##### THE DATA
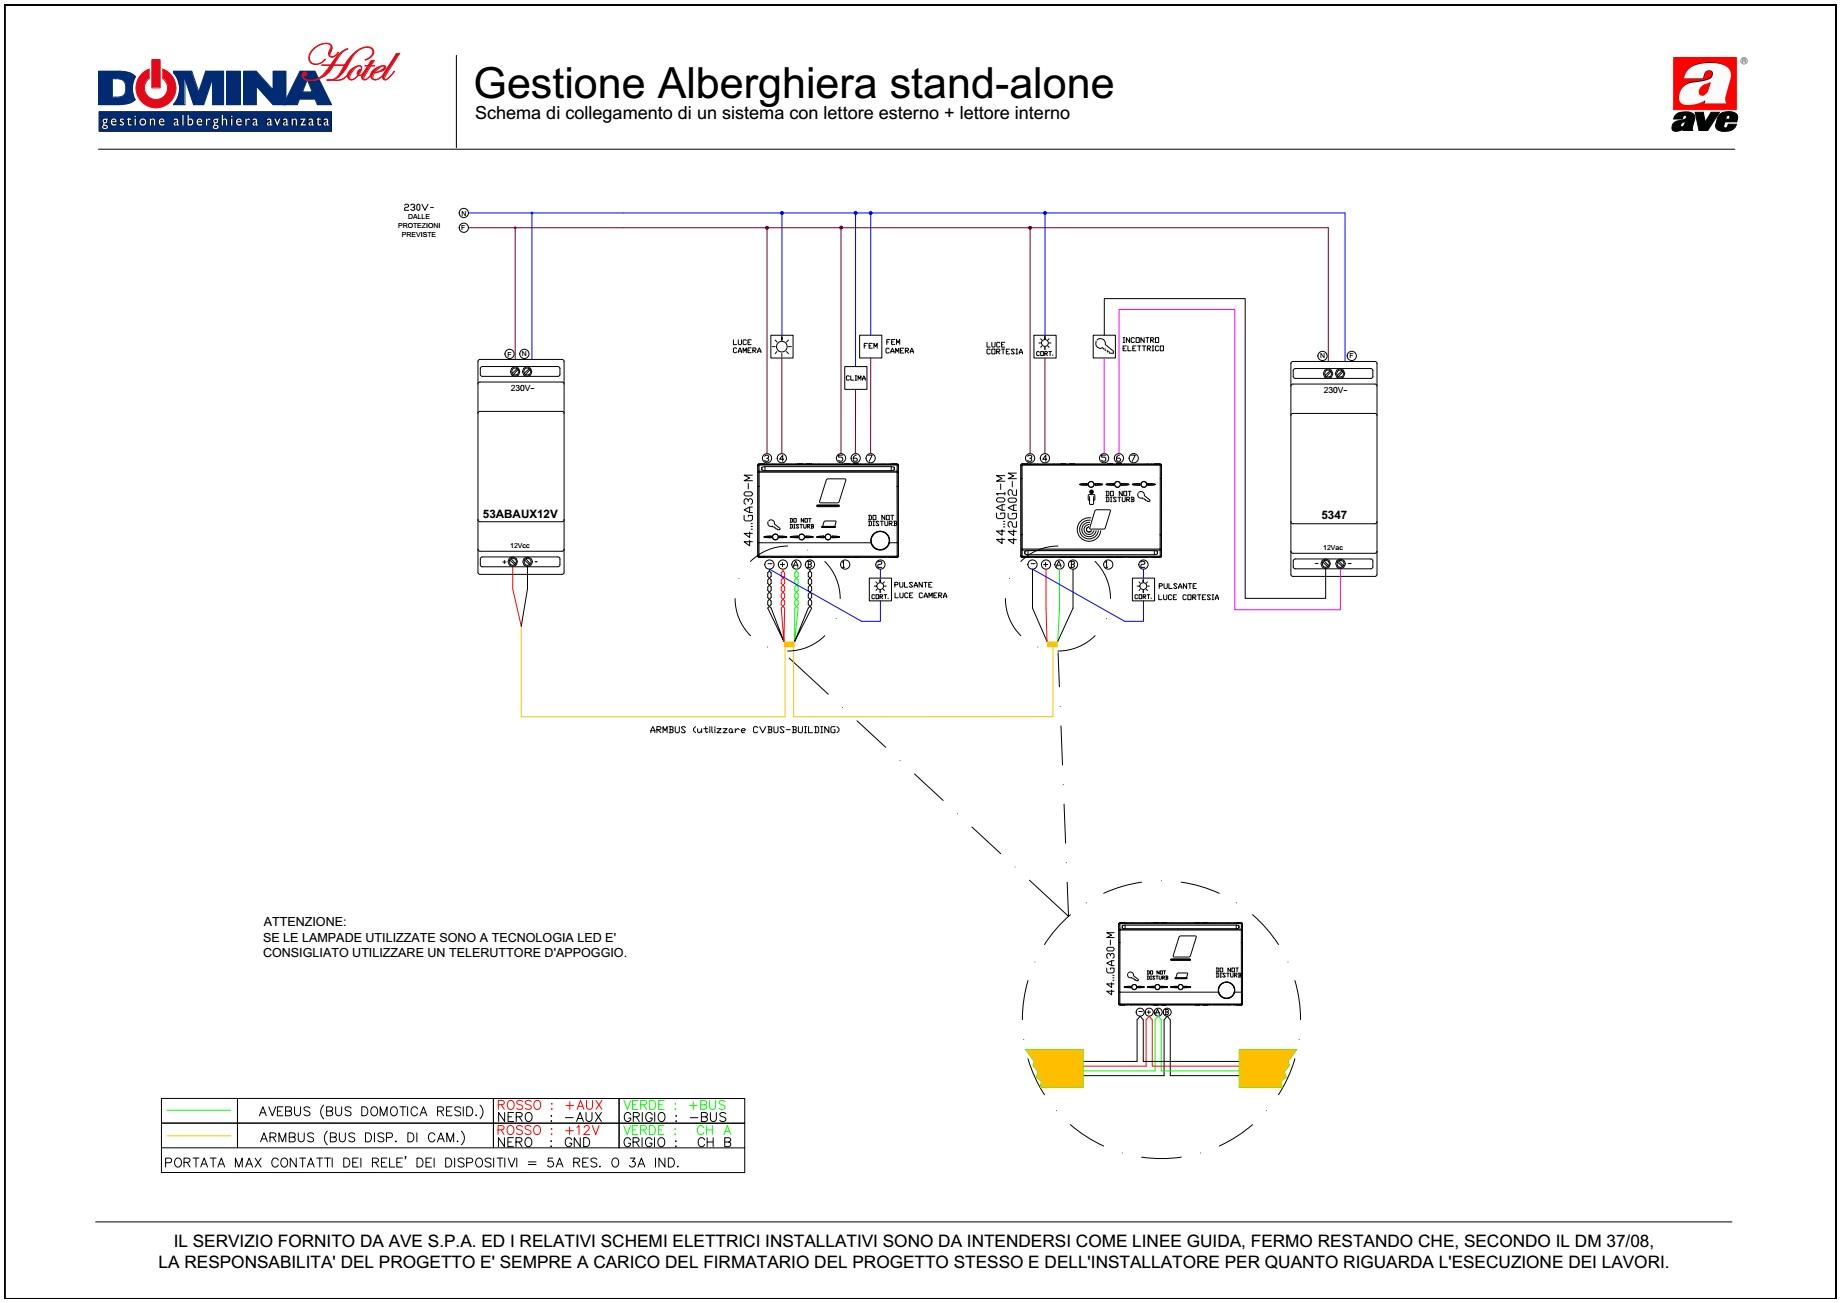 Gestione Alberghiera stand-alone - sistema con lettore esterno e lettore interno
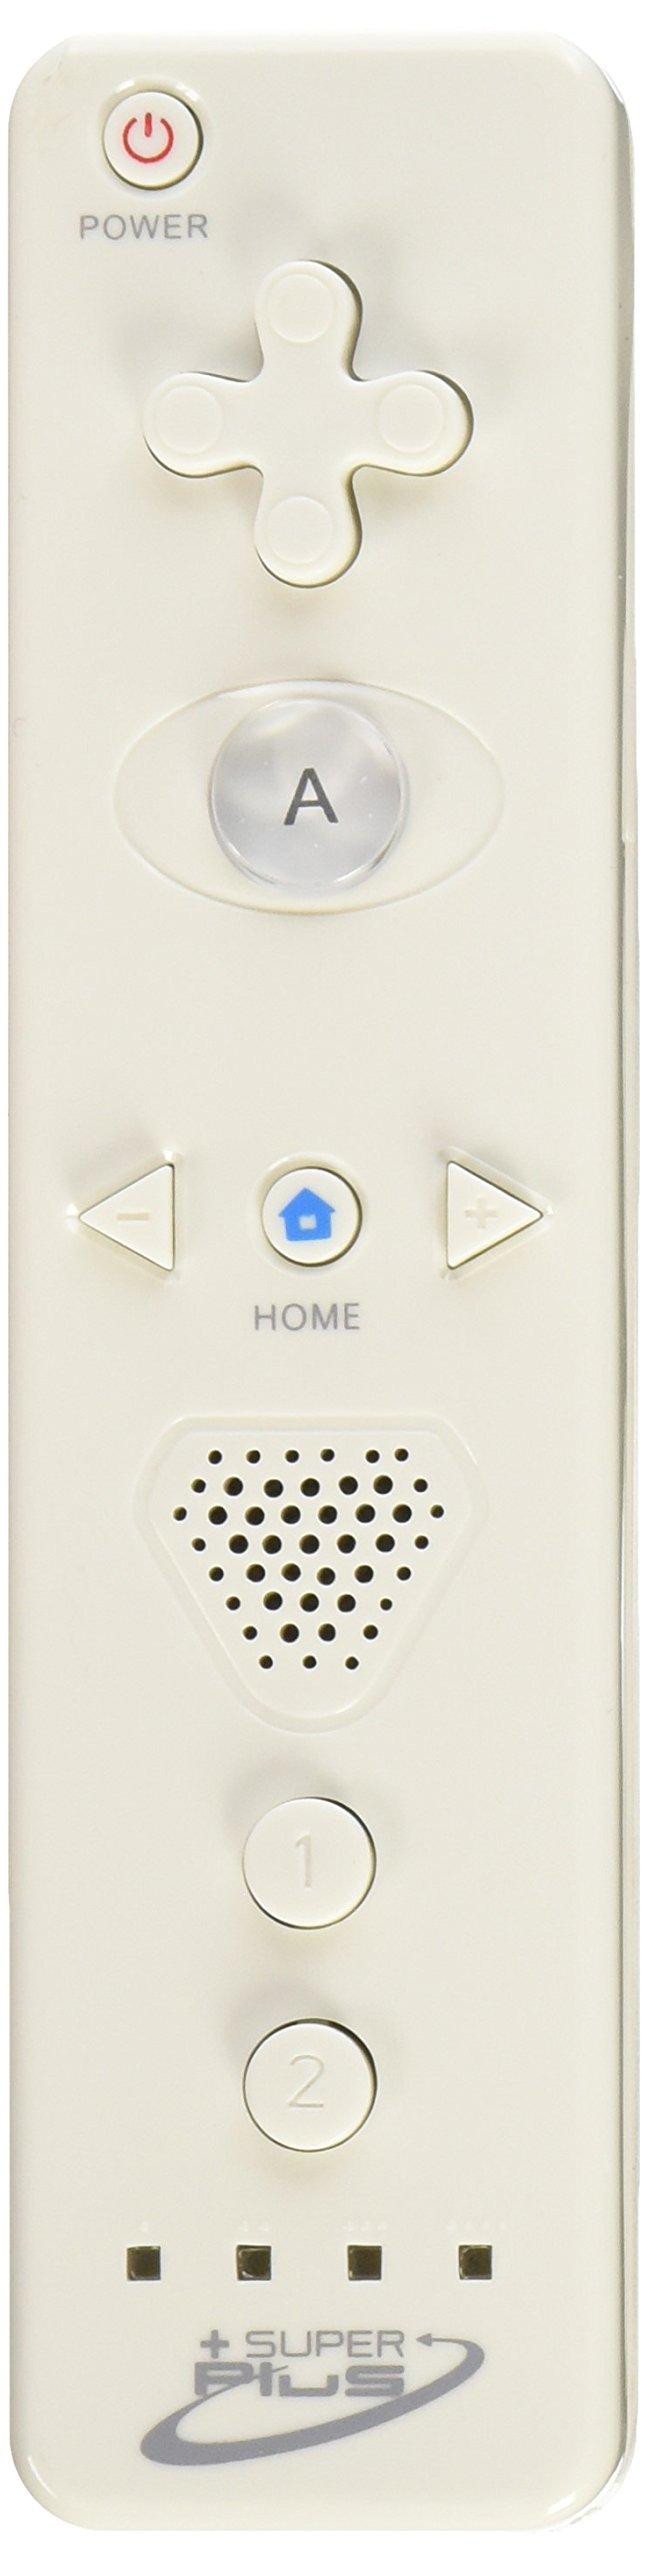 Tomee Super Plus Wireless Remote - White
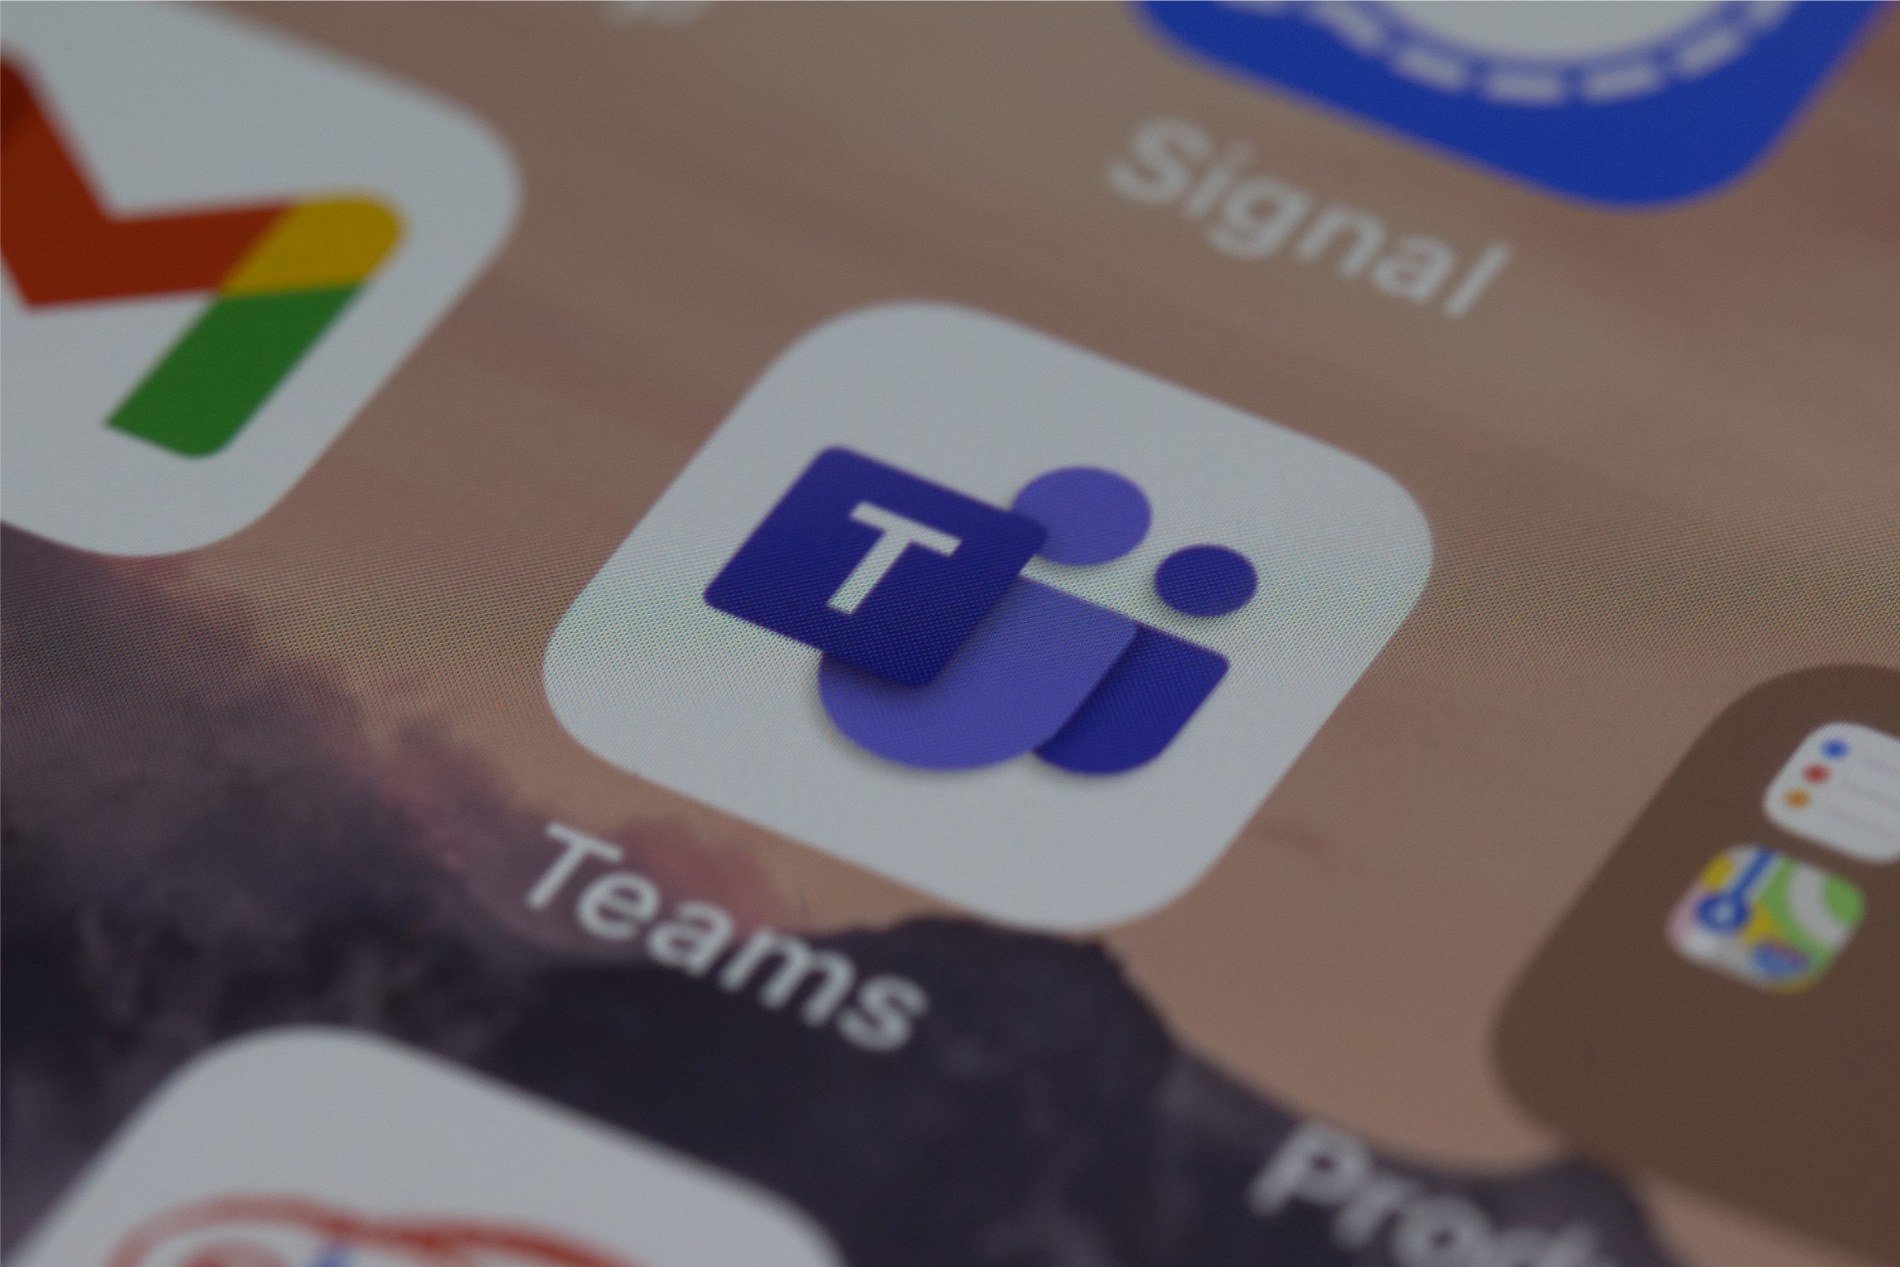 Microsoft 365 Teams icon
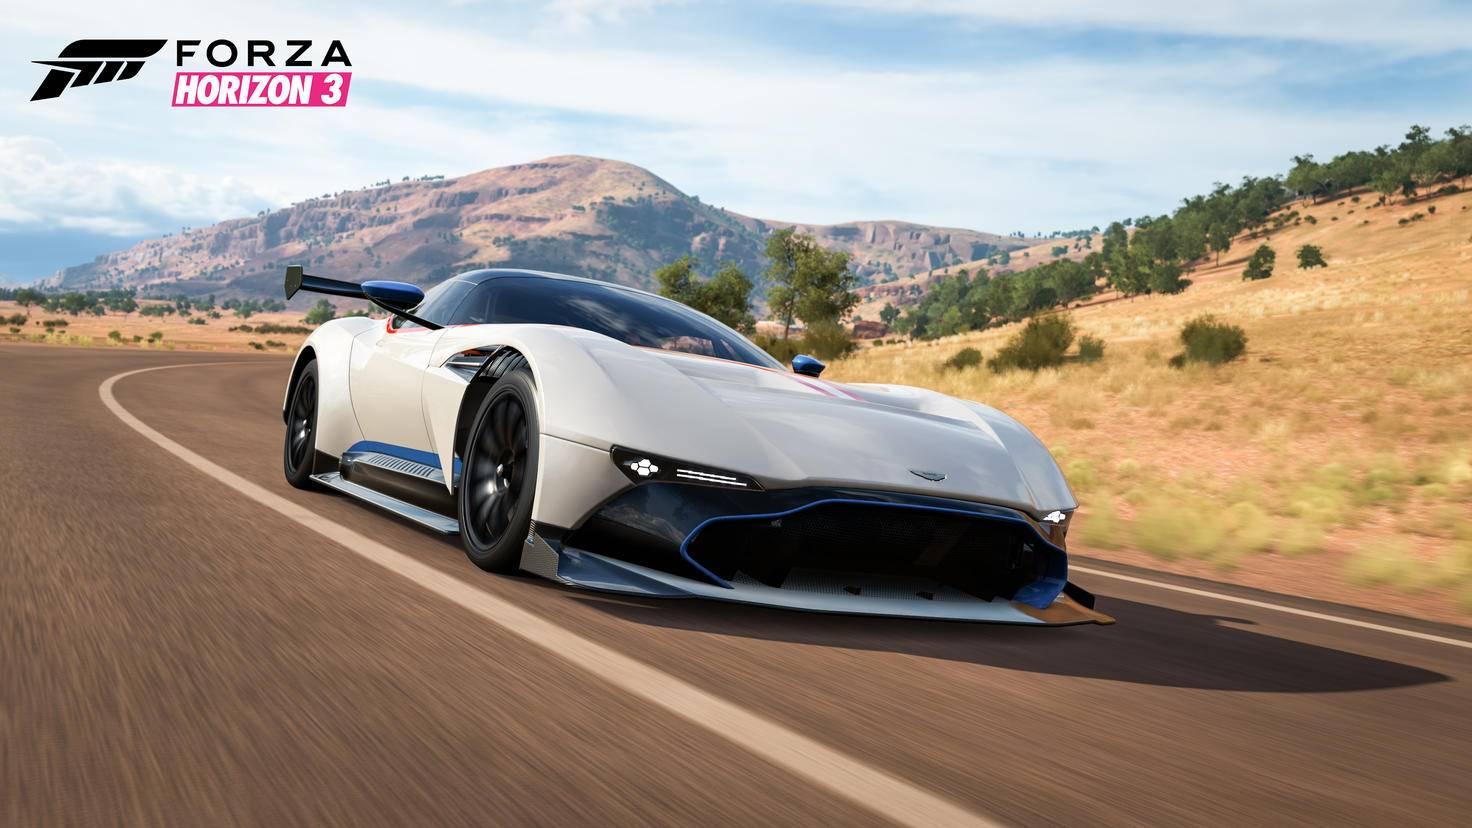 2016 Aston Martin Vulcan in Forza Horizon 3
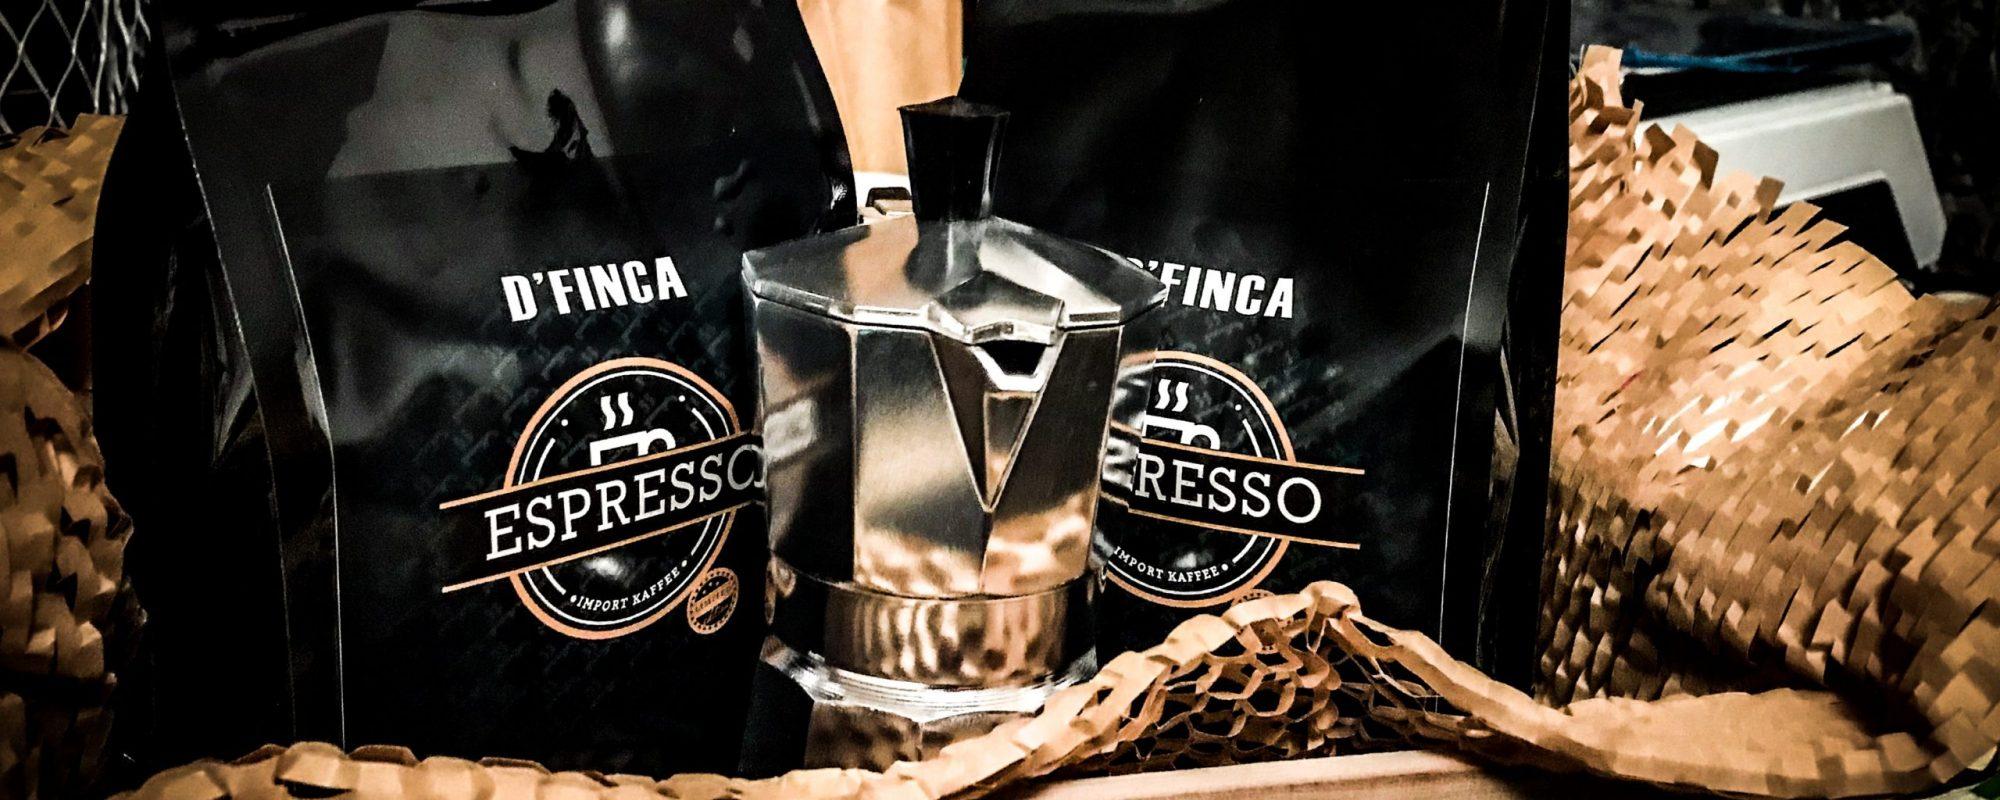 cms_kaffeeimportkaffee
##########
* **WHAT THE TASK ASKS**
Nothing but the lines from the one containing "2016 Aston Martin Vulcan in Forza Horizon 3" through the last line of the records above should appear, each repeated exactly, with no pictures.

* **RESULT FOR THIS TASK**
 2016 Aston Martin Vulcan in Forza Horizon 3
 cms_kaffeeimportkaffee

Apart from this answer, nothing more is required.